China on April 9 announced that it has "standardised" official names for the six places in the northern state and termed the provocative move as a "legitimate action".


The Chinese move came a day after Beijing lodged strong protests with India over the Dalai Lama's visit to the frontier state.

Yesterday, India hit out at China for giving Chinese names for the six areas of Arunachal Pradesh, saying assigning indented names to towns of the neighbor does not makes illegal territorial claims legal.

External Affairs Ministry's Spokesman Gopal Baglay also asserted that Arunachal Pradesh is an integral part of India.

Chinese Foreign Ministry Spokesperson Lu Kang said earlier that Chinese government is conducting the second nationwide survey on geographical names, "an important task to standerdise the geographical names in the languages of ethnic minority groups."


He said that more standerdise names will be announced soon.


"In the next step, we will also step our study of this names in Tibetan ethnic languages making efforts to solve the territorial dispute with India, but over the past decades, India has not increased migration to the disputed area and boosted its military construction there, but it also named Arunachal Pradesh , China's South Tibet, as a formal state of India in 1987."

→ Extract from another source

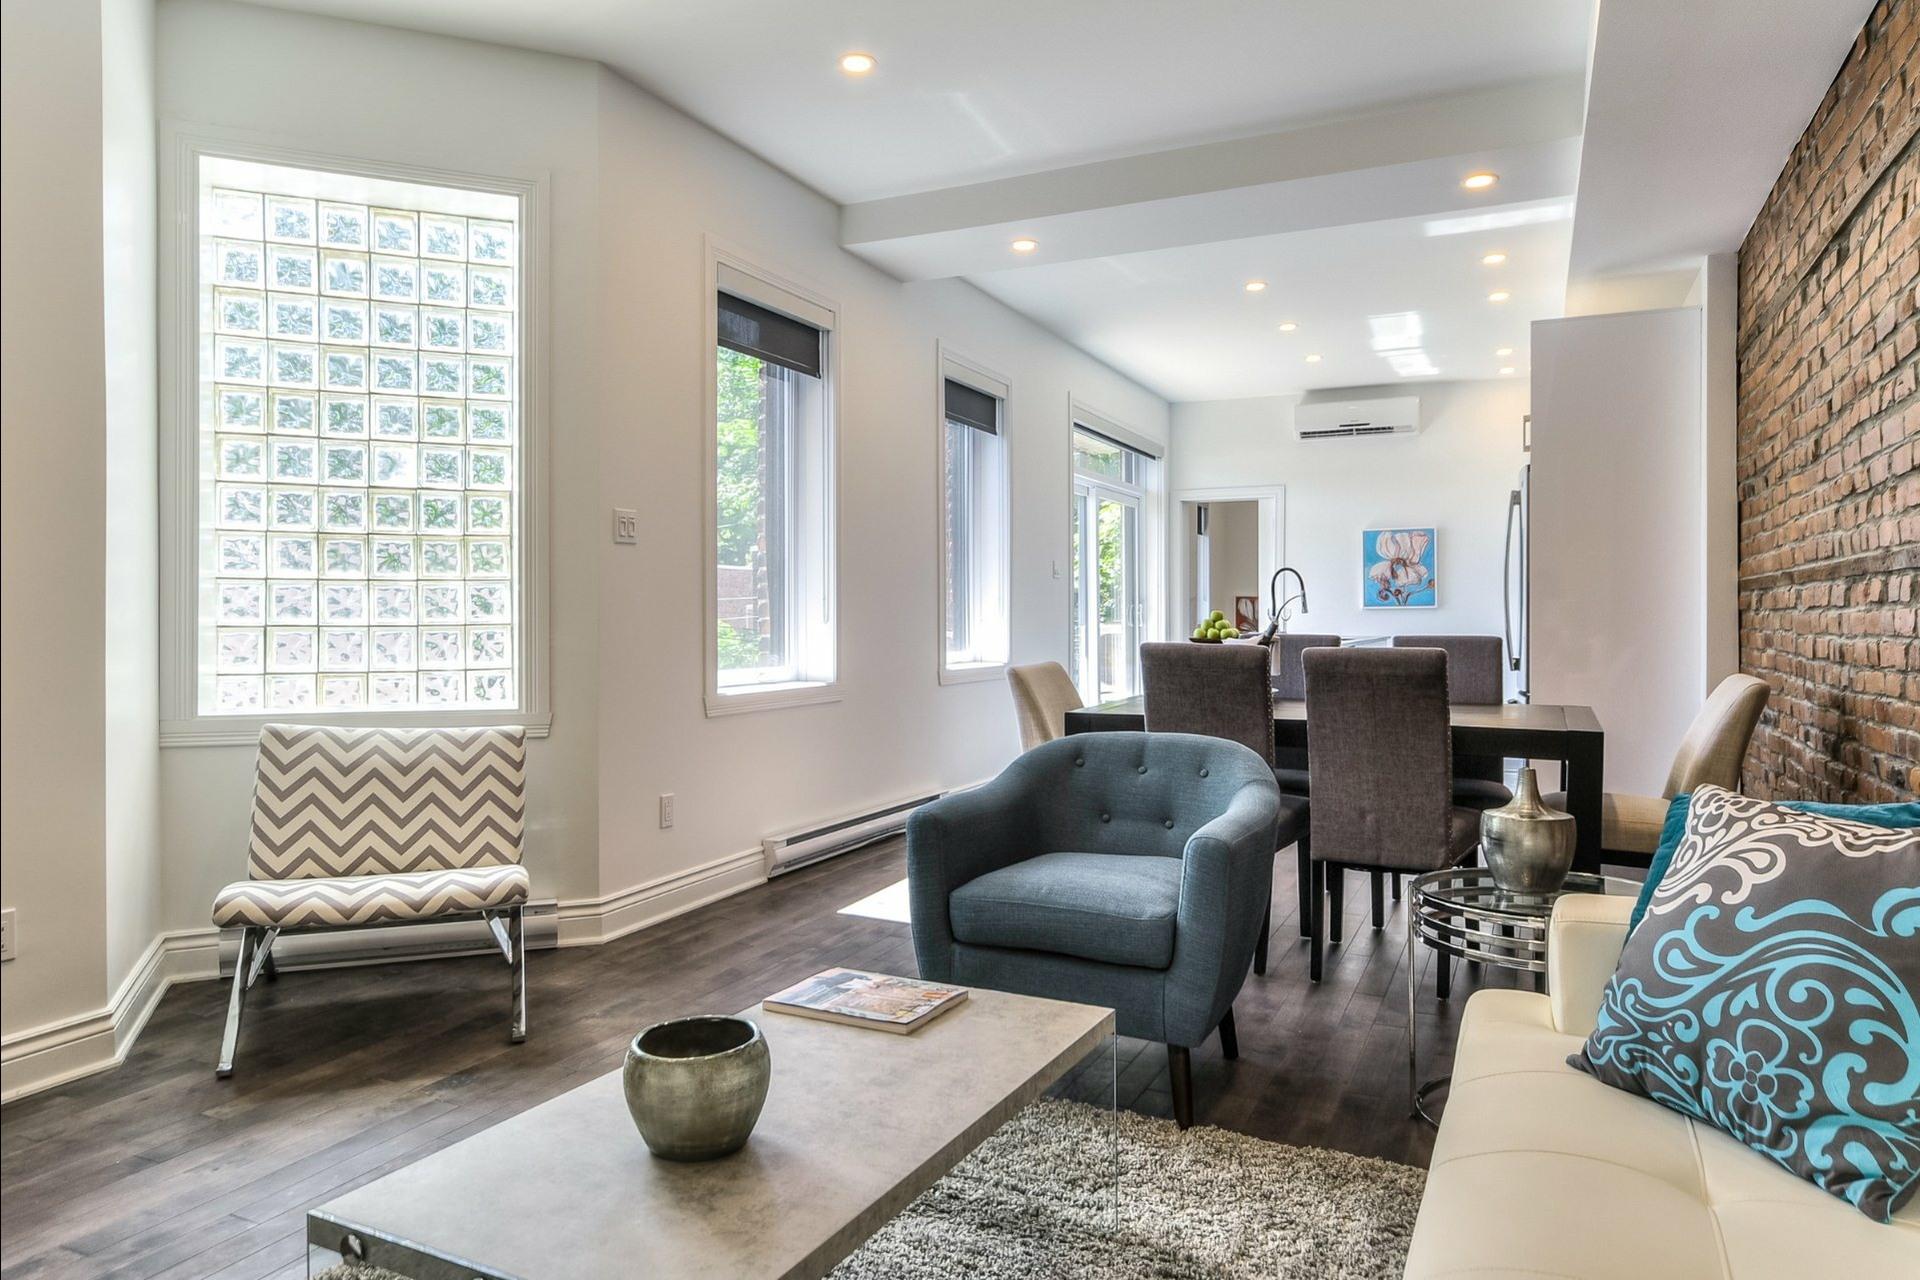 image 8 - Appartement À louer Montréal Le Plateau-Mont-Royal  - 7 pièces

"Putting the Dalai Lama into its toolbox against China is another trick by New Delhi lately. New Delhi would be too ingenuous to believe that the religion belongs to India simply because Dalai Lama says so," it said.

"India seems to have been trapped in its stubbornness to measure its strength with China. But territorial disputes cannot be settled by comparing which side is stronger or which country has more leverage. Otherwise, there is no need for Beijing to sit down with New Delhi at the negotiating table," it said in an apparent reference to 19 rounds of India-China boundary talks.


The India-China border dispute covers the 3,488 km-long Line of Actual control (LAC). While China claims Arunachal Pradesh as South Tibet, India claims that the disputed land covers Aksai Chin area which was occupied by China during the 1962 war.